On 07/28/2017 12:19 AM, Michael Ellerman wrote:
> Jens Axboe <axboe@kernel.dk> writes:
>> On 07/27/2017 08:47 AM, Bart Van Assche wrote:
>>> On Thu, 2017-07-27 at 08:02 -0600, Jens Axboe wrote:
>>>> The bug looks like SCSI running the queue inline from IRQ
>>>> context, that's not a good idea.
> ...
>>>
>>> scsi_run_queue() works fine if no scheduler is configured. Additionally, that
>>> code predates the introduction of blk-mq I/O schedulers.
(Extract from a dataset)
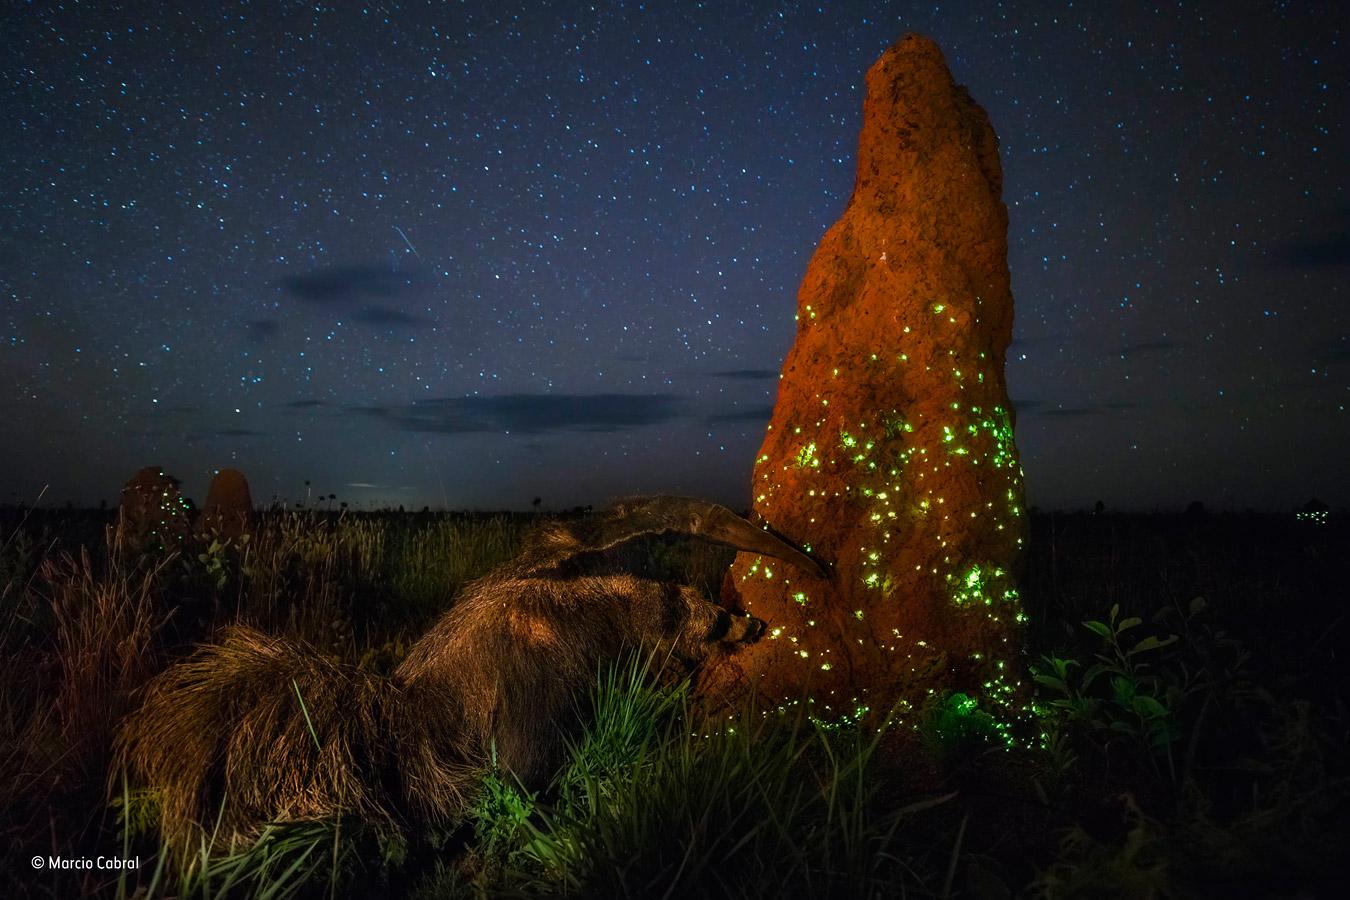 Ночной рейдер, © Марсио Кабрал / Marcio Cabral, Бразилия, Победитель категории «Животные в своей среде», Фотоконкурс «Фотограф года живой природы» — Wildlife Photographer of the Year

I think it is
>>> nontrivial for block driver authors to figure out that a queue has to be run
>>> from process context if a scheduler has been configured that does not support
>>> to be run from interrupt context.
>>
>> No it doesn't, you could never run the queue from interrupt context with
>> async == false. So I don't think that's confusing at all, you should
>> always be aware of the context.
>>
>>> How about adding WARN_ON_ONCE(in_interrupt()) to
>>> blk_mq_start_hw_queue() or replacing the above patch by the following:
>>
>> No, I hate having dependencies like that, because they always just catch
>> one of them. Looks like the IPR path that hits this should just offload
>> to a workqueue or similar, you don't have to make any scsi_run_queue()
>> async.
> 
> OK, so the resolution is "fix it in IPR" ?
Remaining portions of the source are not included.